Come sempre, quando si siglano
accordi di questo tipo, la grancassa dell’informazione borghese (ma si farebbe
meglio a dire disinformazione) offre il meglio di sé.
Un accordo storico? Sì, ma contro i lavoratori
In questo caso è stato detto e scritto che l’accordo
rappresenta una svolta epocale, ma nell’interesse della collettività, di
padroni e lavoratori. Da oggi, dicono, quest’accordo crea le condizioni perché
le aziende vedano aumentare i propri profitti, riuscendo, una volta per tutte,
ad uscire dalla profonda crisi nella quale sono cadute dal 2007. Per i
lavoratori si metterà finalmente uno stop alla caduta del potere di acquisto
dei salari e stipendi, consentendo loro di superare quello stato di miseria e
precarietà che dura ormai da almeno due decenni. Stiamo assistendo ad una
palese e smaccata falsificazione della realtà. Una premessa deve essere fatta.

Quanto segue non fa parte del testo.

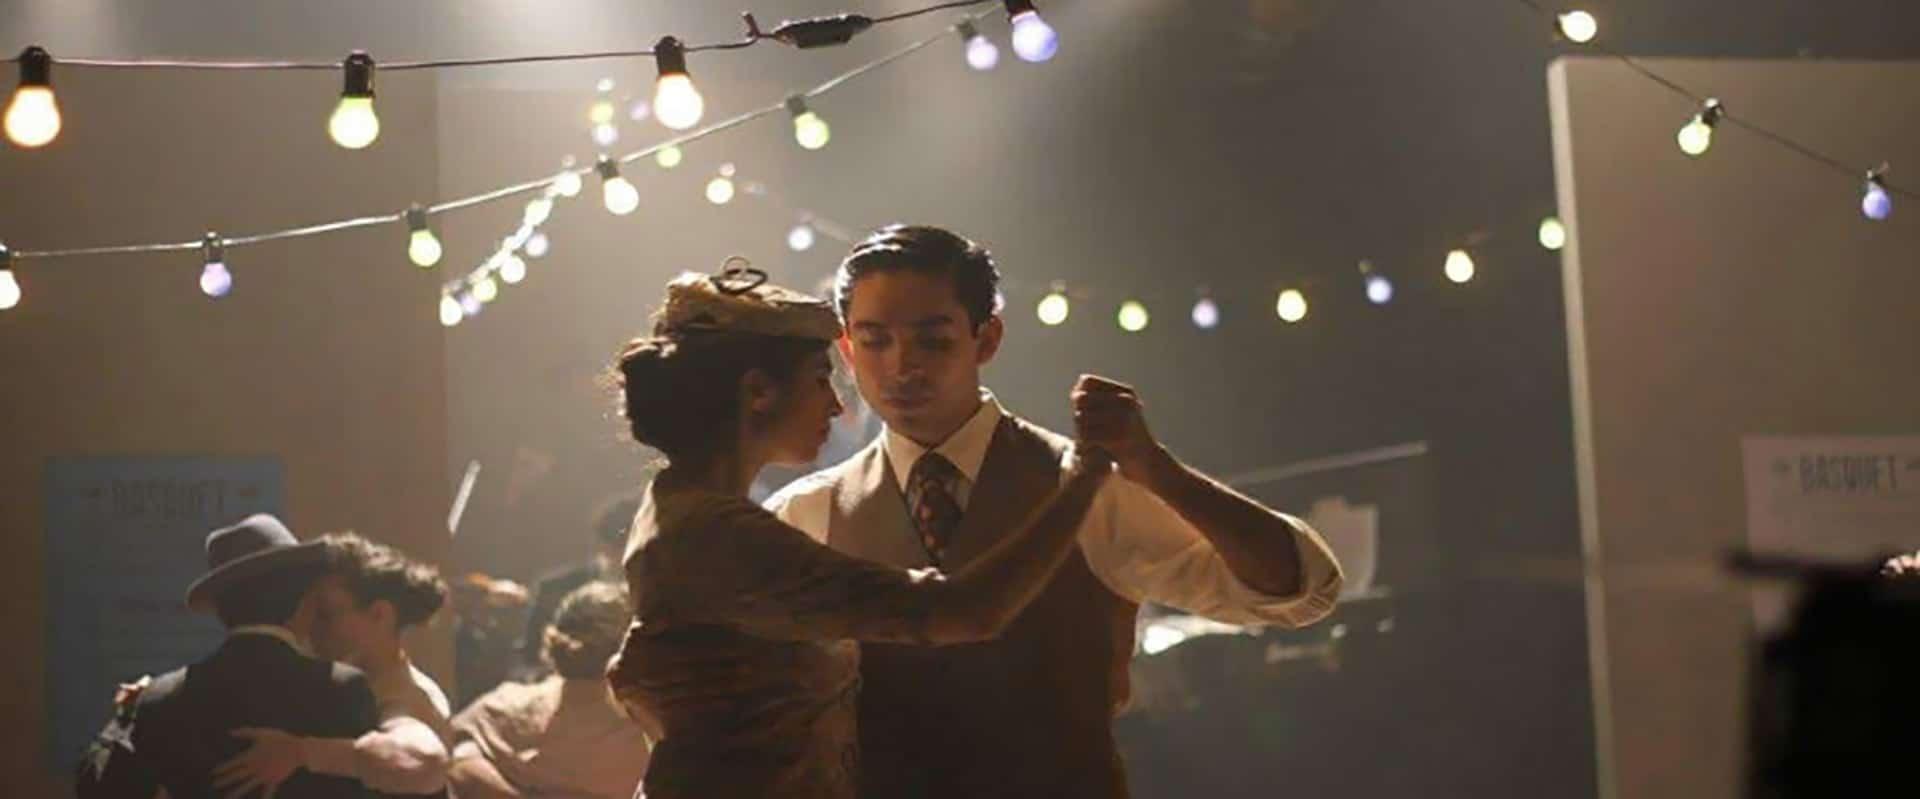 saint valentin amerique latine tango tierra latina tango danseurs

Sicuramente le imprese italiane, dalle più piccole alle multinazionali globali,
soffrono di un deficit di competitività rispetto ai loro concorrenti
internazionali e questo rende complicato, per lavoratori e sindacati, riuscire
a strappare aumenti di salario. E’ assolutamente falso, tuttavia, affermare che
ciò sia dovuto ad una presunta rigidità del mercato del lavoro in Italia,
oppure al fatto che gli operai e gli impiegati del Belpaese lavorino meno di
quelli degli altri Paesi. E’ dalla metà degli anni ‘90 che le tutele e le
garanzie (quelle che i padroni e i loro mezzi di informazione chiamano
“rigidità”) sono regolarmente ridotte e smantellate, rendendo nei fatti una
chimera per un neo assunto, ma anche per molti lavoratori di vecchia data,
poter avere un posto di lavoro a tempo indeterminato: le riforme del Lavoro
Biagi e Treu (quest’ultima votata ai tempi del primo governo Prodi da
Rifondazione Comunista), le delocalizzazioni, le cessioni di parti di azienda,
gli appalti di lavori a cooperative o a imprese che utilizzano meno di quindici
dipendenti (con l’impossibilità di essere tutelati dall’articolo 18, ora
definitivamente smantellato dalla riforma Fornero, che nei fatti non ha avuto
nessuna seria opposizione, né dalla Cgil né dalle forze della cosiddetta
sinistra radicale, Sel e Rifondazione Comunista) hanno offerto, nei fatti,
carta bianca ai padroni nei rapporti con la loro forza lavoro.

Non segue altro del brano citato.